A Brief Git Tutorial

This page will be completely useless to those who know how to use a repository. Students need to understand how repositories work, since almost no job will let you work completely alone. The repository we're going to use is git, since it is a de facto standard for distributed repositories. There are lots of good tutorials for understanding git, but none are that simple. Here I want to let you see how you will work with others, as simply as possible. In this tutorial we will not use the command line, we will use a graphical interface: Atlassian's SourceTree, which is one of the best I've seen around. It is available for both macOS and Windows.

The main tenets of distributed repositories are simple:

Thou shall work on your own computer, and your computer only
Thou shall commit often, thou shall commit early

So, every action you will take is bounded to your own PC. No exchange is done with your collaborators. We will learn how to work with other people from the simplest point of view: we are the masters of our repository, and we will get in touch with others just when we want.

Committing, i.e., storing changes to your repository along with a useful message that describes what you've done, is not only encouraged, but let me say this: it is mandatory.

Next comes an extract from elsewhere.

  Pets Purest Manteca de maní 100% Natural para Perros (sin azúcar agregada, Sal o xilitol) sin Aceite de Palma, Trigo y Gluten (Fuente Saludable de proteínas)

A list of rules is at the bottom of the page.

Creation

Usually you will create a repository in a remote location, for instance Microsof GitHub or Atlassian BitBucket. Why? For two factors:

  • Collaboration
  • Disaster recovery

The last one is easy to understand: if you work on your computer, and only there, what happens if your hard drive dies? So, having a third-party handling a copy of your repository is good.

The first one is the bridge between you and others. If you work on your computer, how will others access your changes? We have two options: opening ports on your computer and creating accounts, or using a third-party hosting. It isn't good to open your computer to others, moreover, what would happen if you close your laptop? Others won't be able to access your changes.

We're left with one option: going external.

For example, we are going to create a repo called metallica.

Cloning

We have created a repository and added users following the instructions, and we're good to go.

So let's clone the repository.

What have you technically done? You have copied all the changes since the creation of the repository. Let me be clear: all the changes since the beginning. After all, it's called "cloning".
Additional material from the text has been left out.